Поразмыслив немного, Митя понял, что уже поздно идти на явку на Советскую улицу. Сумерки быстро сгущались. Моросил дождь со снегом. Идти прямо в дом, где жил Гриша Штыков, тоже рискованно. Вечером на улице мог задержать патруль. Ноги сами собой направили Митю на боковую тропку, где ему знаком был каждый кустик и бугорок, - домой.
Никто не видел, как он прошел к себе. Никто не слышал, как тихо стукнула калитка. Сердитый осенний ветер сразу заглушил радостный возглас матери Мити - Варвары Христофоровны, обхватившей сына. Утром в одиннадцатом часу Митя, вымывшись, сменив белье, вволю выспавшись и досыта наговорившись с родными, оделся получше - серые чесанки с калошами, ватный черный пиджак - и отправился к Грише Штыкову на Пролетарскую улицу, надеясь еще по пути его встретить.
Заложив в карманы руки, с небрежным, скучающим видом Митя прошел через площадь в центре города, мимо комендатуры на Советскую улицу. Затем Митя вернулся обратно и завернул за угол на Пролетарскую, направляясь к дому, где жил Гриша Штыков.
У дома стоял коренастый, широкоплечий полицейский и закуривал от зажигалки. "Что делать?" - подумал Митя, невольно замедляя шаги. Уже кончалась улица. Дальше были канава, обрыв и едва приметная тропка сбегала вниз. Нужно было или повернуть назад, но тогда полицейский мог заподозрить его, или, не останавливаясь, идти вперед.
Но Митя, поколебавшись, принял другое решение: подошел к полицейскому, и, сдвинув кепку набекрень, попросил прикурить. Полицейский, пытливо взглянув на него, снова чиркнул зажигалкой и, повернувшись, медленно пошел по тротуару. Митя вошел во двор, выждал некоторое время, не следят ли за ним, и, разыскав низкий, вросший в землю подъезд у забора, решительно постучал в квартиру № 3. Дверь открыл Гриша.

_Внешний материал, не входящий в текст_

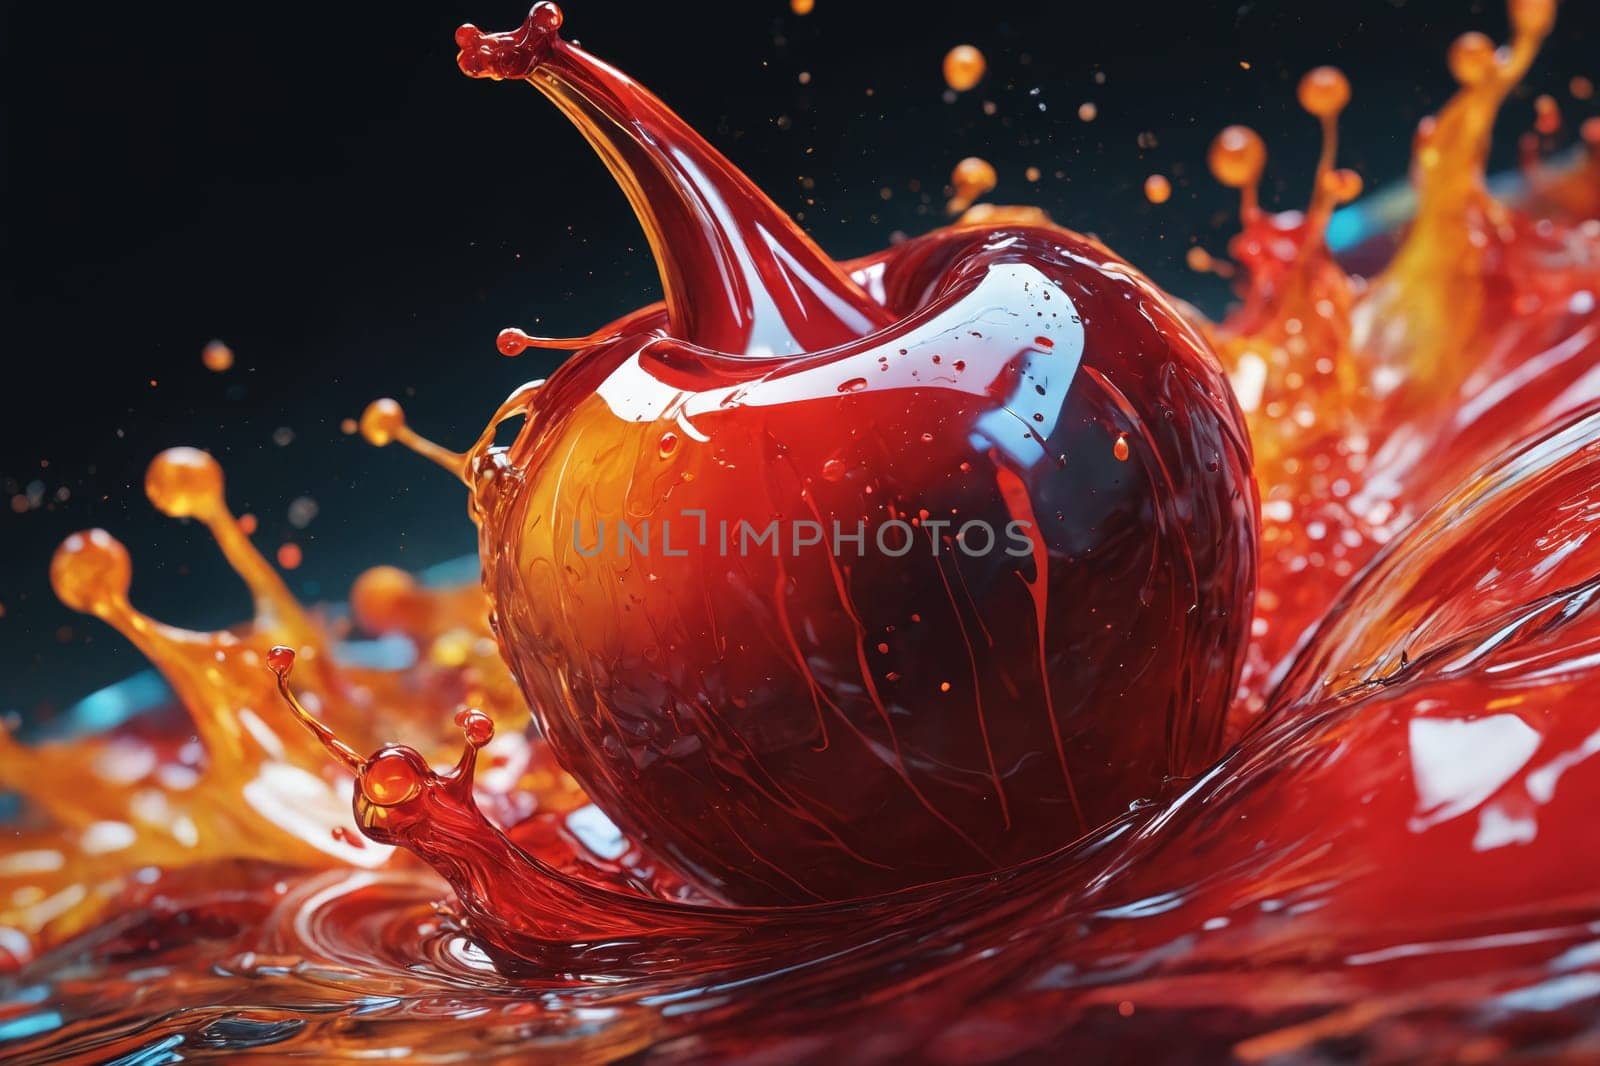 Cherries make a splash into a bowl of water, with a vivid orange splash encircling them.

- Гриша! - прошептал Митя, стискивая сухую горячую руку подпольщика. - На полицая нарвался… Будь осторожен…
Когда они передали друг другу что нужно и Митя собирался уходить. Штыков осторожно выглянул в окно. Улица была пуста. С неба не переставая падали крупные хлопья мокрого снега.
- Ну, мы пошли, - сказал Митя. И, чтобы ободрить себя и Гришу, пошутил: - Я еще раз прикурю у него…
Гриша смотрел из окна. Он видел, как Митя вышел на улицу, не оглядываясь, быстро пошел по дощатому тротуару.
"Кажется, никого нет", - облегченно вздохнул Гриша и тут же заметил в закоулке приземистого, дюжего человека с белой повязкой на рукаве старой шинели. Тот стоял у забора.
Полицейский оглянулся по сторонам, словно удостоверяясь, есть ли еще кто на улице, и пошел вслед за Клевцовым.
"Плохо дело", - сразу насторожившись, подумал Гриша. Полицай мог схватить Клевцова каждую минуту.
"Надо бежать… - решил Штыков. - Бежать, пока сюда не пришли". Заторопившись, не зная, за что браться, он вдруг снова остановился, и новая мысль перебила прежнюю. Никаких улик у полицая против Мити нет. И что из того, что Митя заходил к нему? А если он убежит, то у полицая будут основания подозревать Митю. В угловом доме по Пролетарской улице никто, кроме Штыкова, теперь не жил.
"Нет, бежать нельзя, - мысленно приказал себе Гриша, - Нельзя бежать… Нельзя подводить товарища". И Гриша остался дома, решив пока не показываться на улице.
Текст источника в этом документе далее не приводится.